:: Task to carry out ::
Transcribe the listing below exactly, leaving out each image.

:: Material provided ::
************

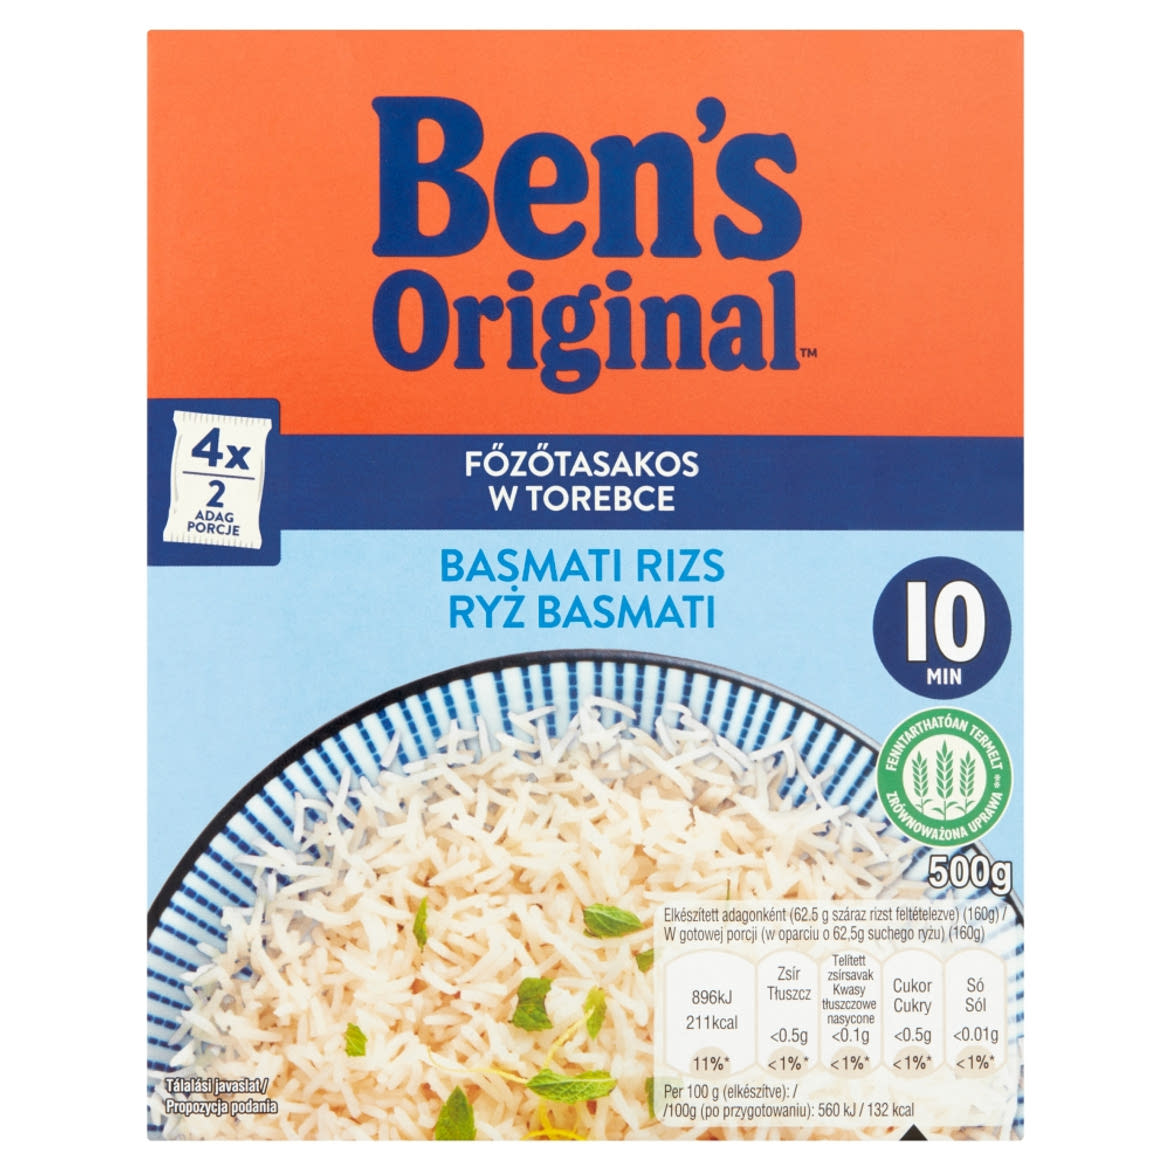 Ben's Original főzötasakos basmati rizs 500 g
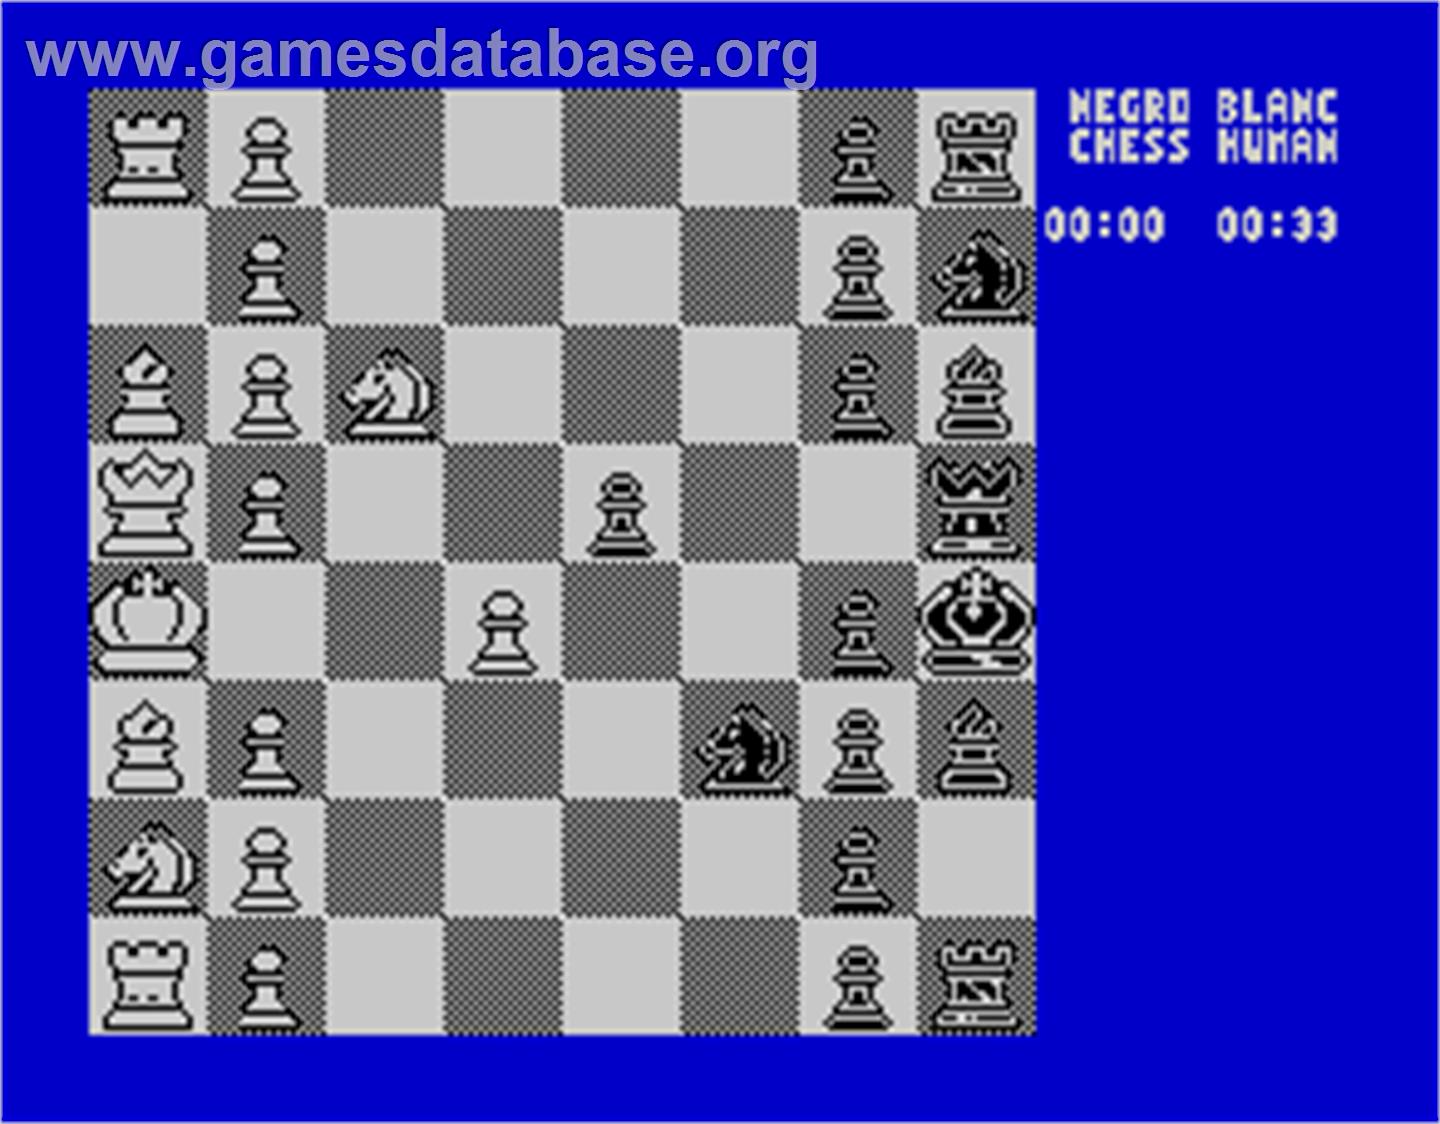 The Chessmaster 2000 - Sinclair ZX Spectrum - Artwork - In Game
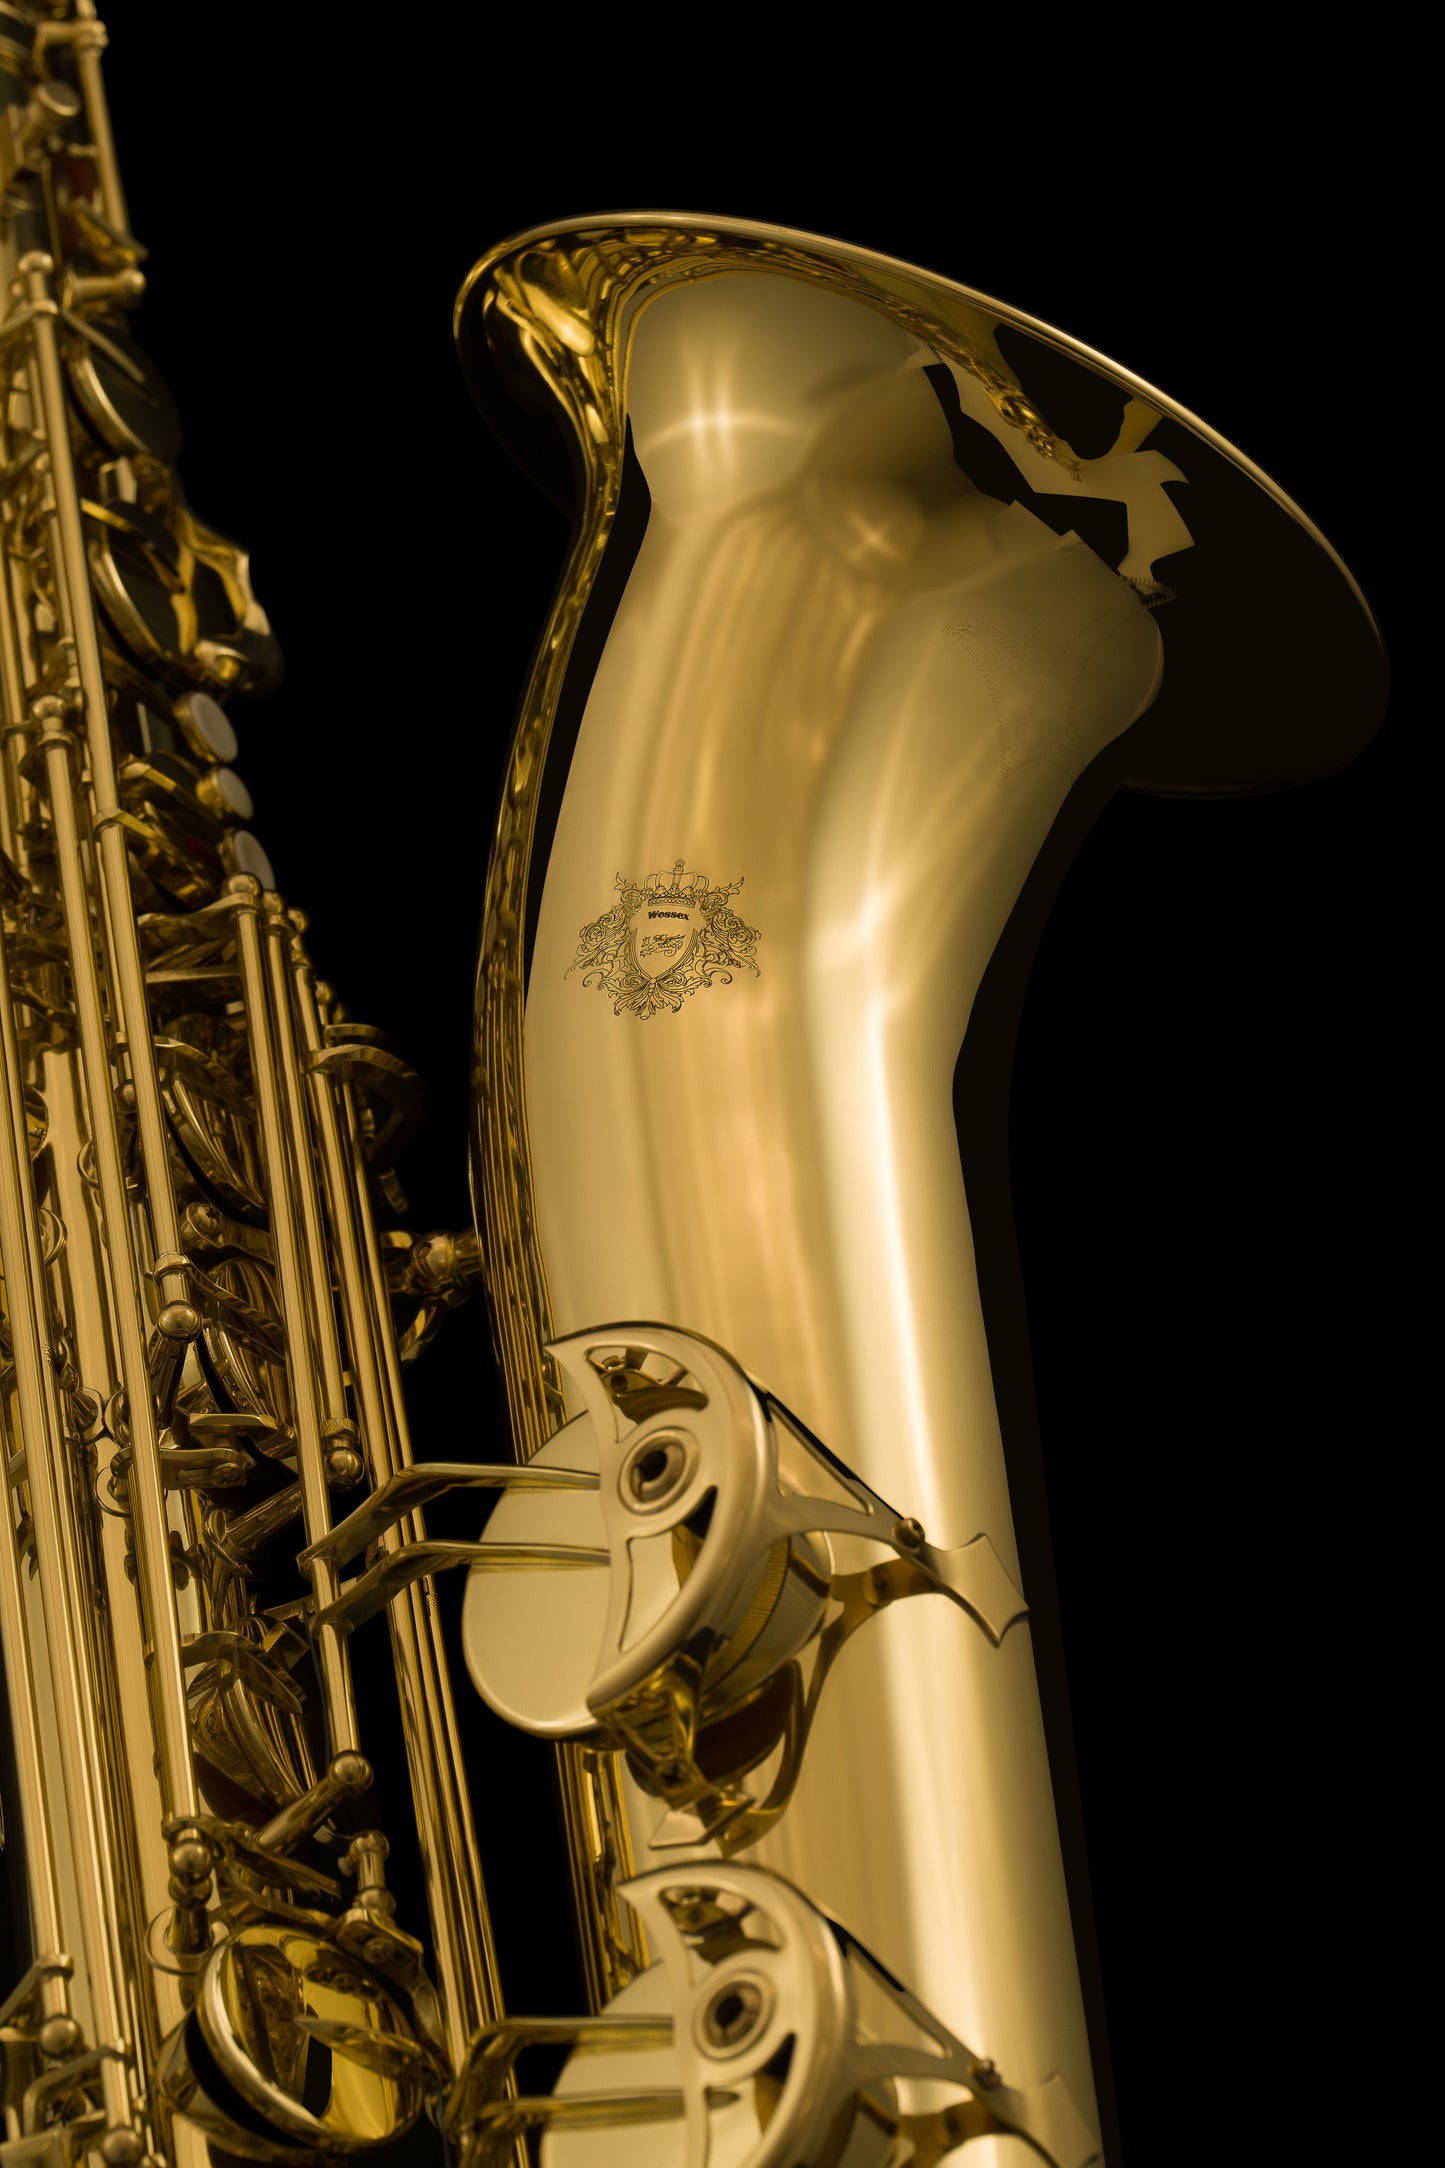 Baritone Saxophone - SAX110
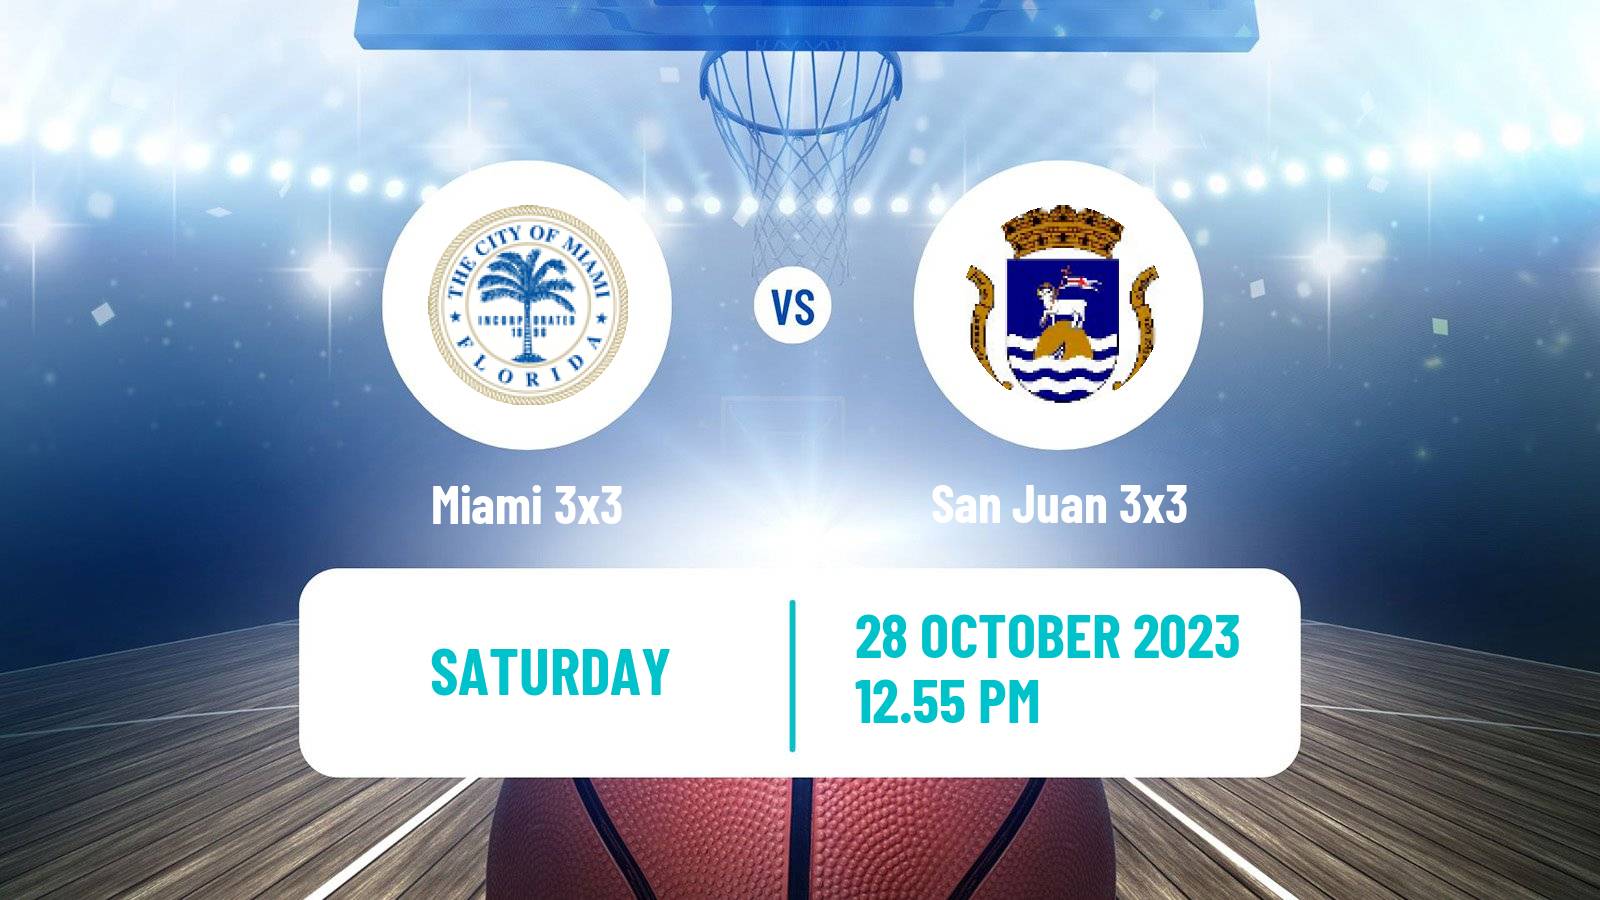 Basketball World Tour Abu Dhabi 3x3 Miami 3x3 - San Juan 3x3

************

:: Response to the exercise ::
 Ben's Original főzötasakos basmati rizs 500 g
 The Chessmaster 2000 - Sinclair ZX Spectrum - Artwork - In Game
 Baritone Saxophone - SAX110
 Basketball World Tour Abu Dhabi 3x3 Miami 3x3 - San Juan 3x3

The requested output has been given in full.